====== Provided data
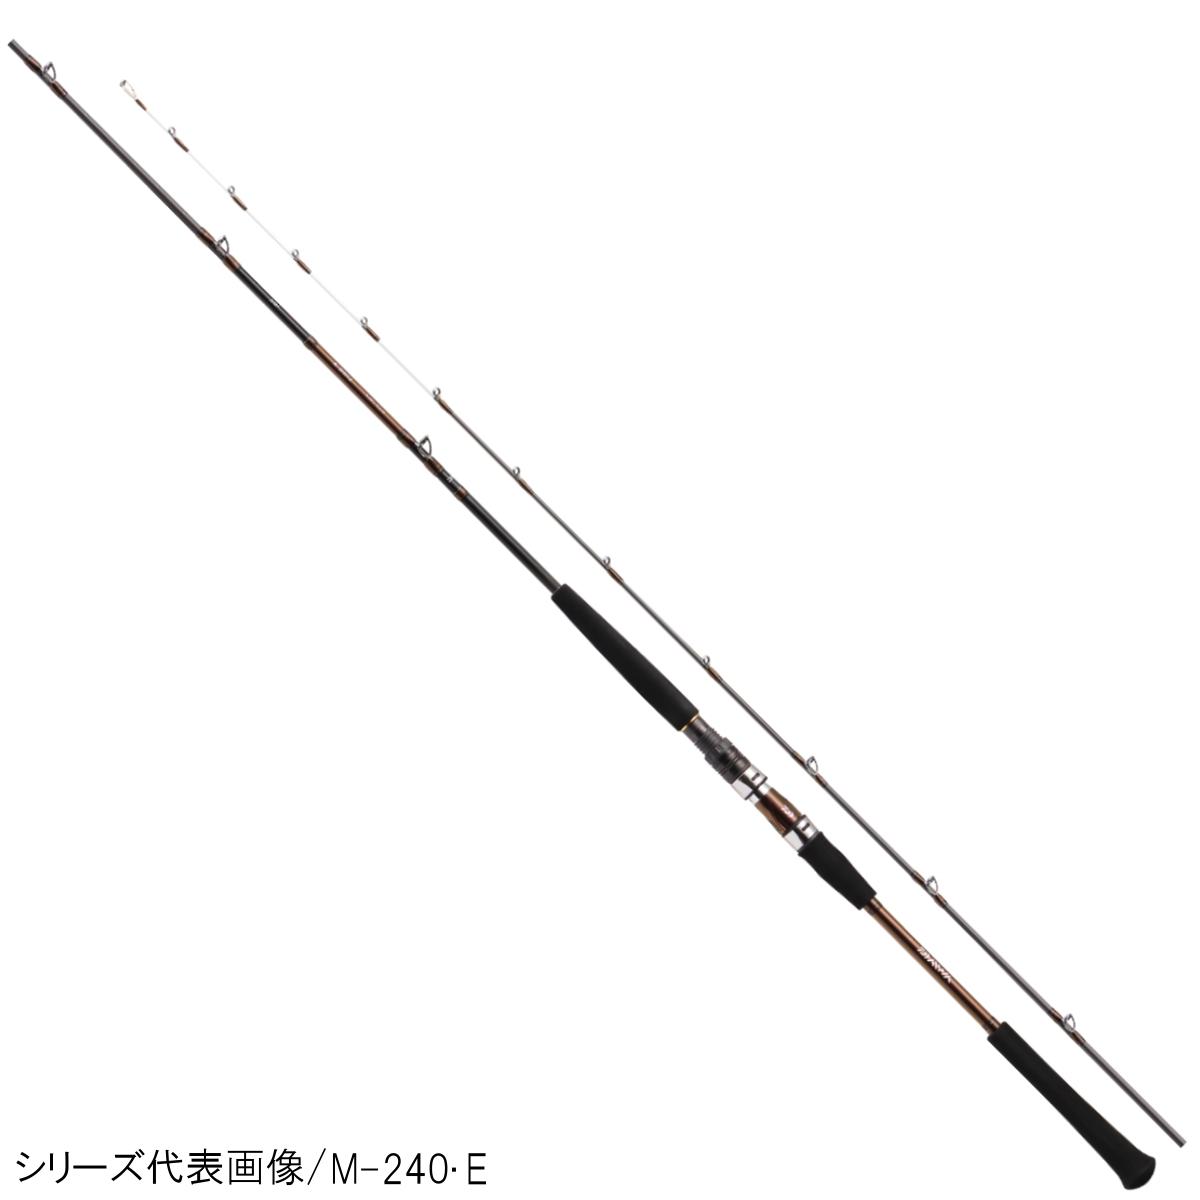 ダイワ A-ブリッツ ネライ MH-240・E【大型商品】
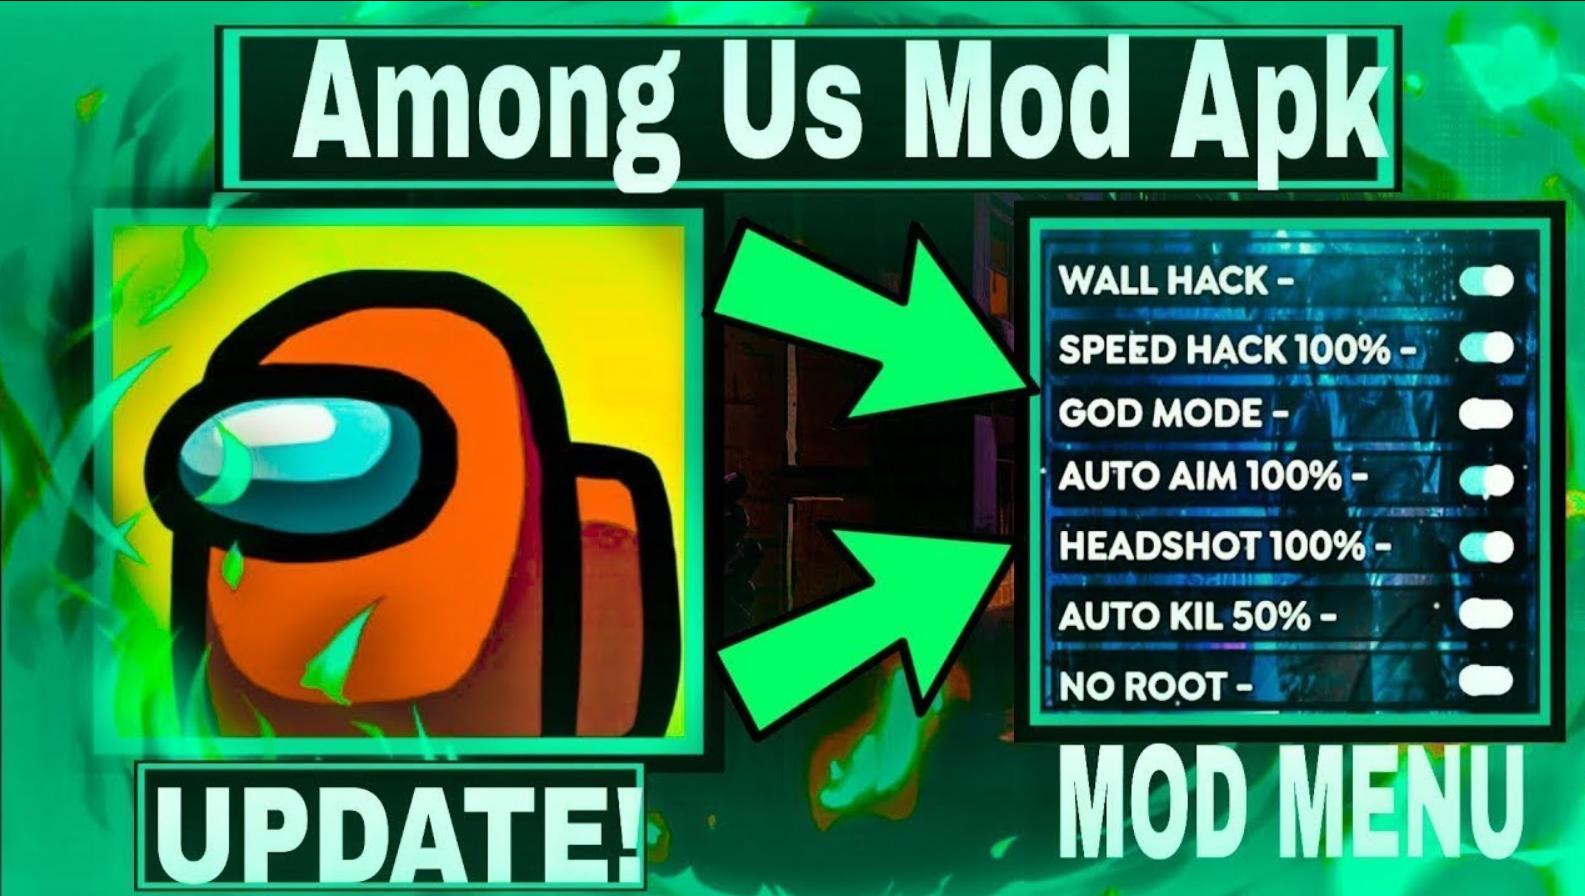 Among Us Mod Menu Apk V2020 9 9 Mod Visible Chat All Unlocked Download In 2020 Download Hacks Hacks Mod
============
====== Provided data
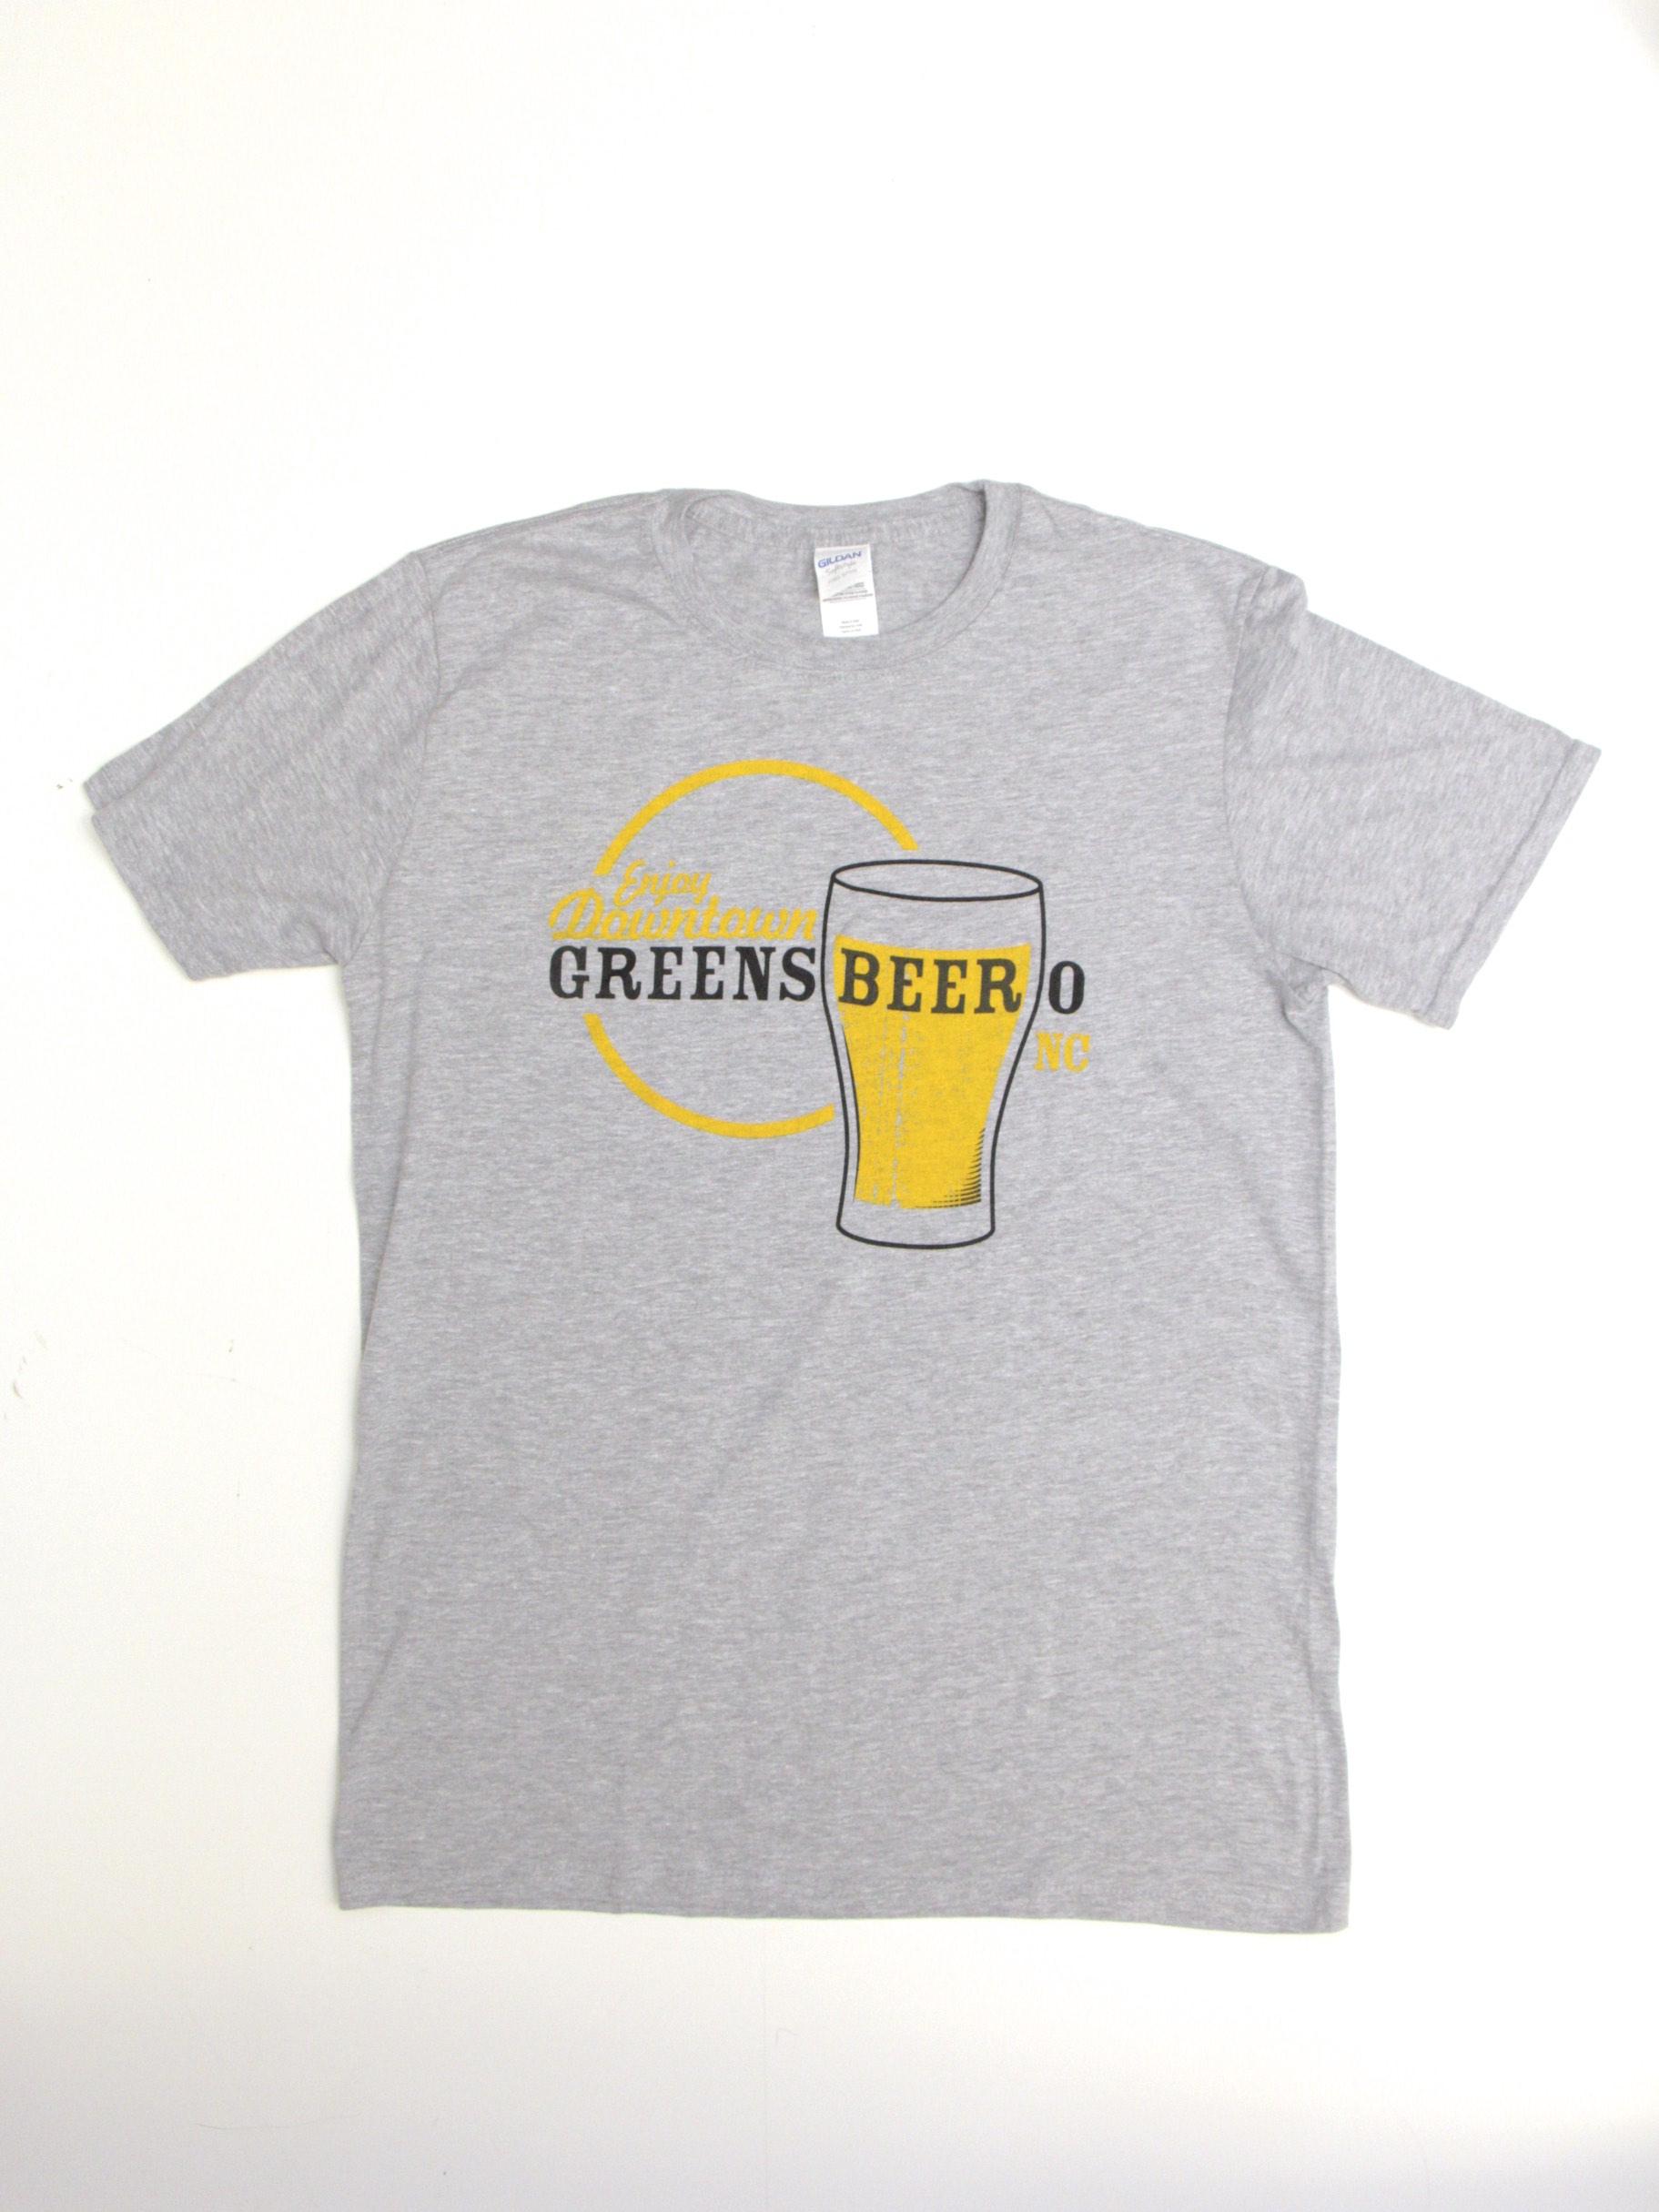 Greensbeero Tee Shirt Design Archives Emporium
============
====== Provided data
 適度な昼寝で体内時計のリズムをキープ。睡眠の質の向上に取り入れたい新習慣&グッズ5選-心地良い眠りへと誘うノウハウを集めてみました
============
Work from the entries above. Set down exactly and only the lines from the line with "ダイワ A-ブリッツ ネライ MH-240・E【大型商品】" to the line with "Among Us Mod", both included, and leave the pictures out.

(Written answer):
 ダイワ A-ブリッツ ネライ MH-240・E【大型商品】
 Among Us Mod Menu Apk V2020 9 9 Mod Visible Chat All Unlocked Download In 2020 Download Hacks Hacks Mod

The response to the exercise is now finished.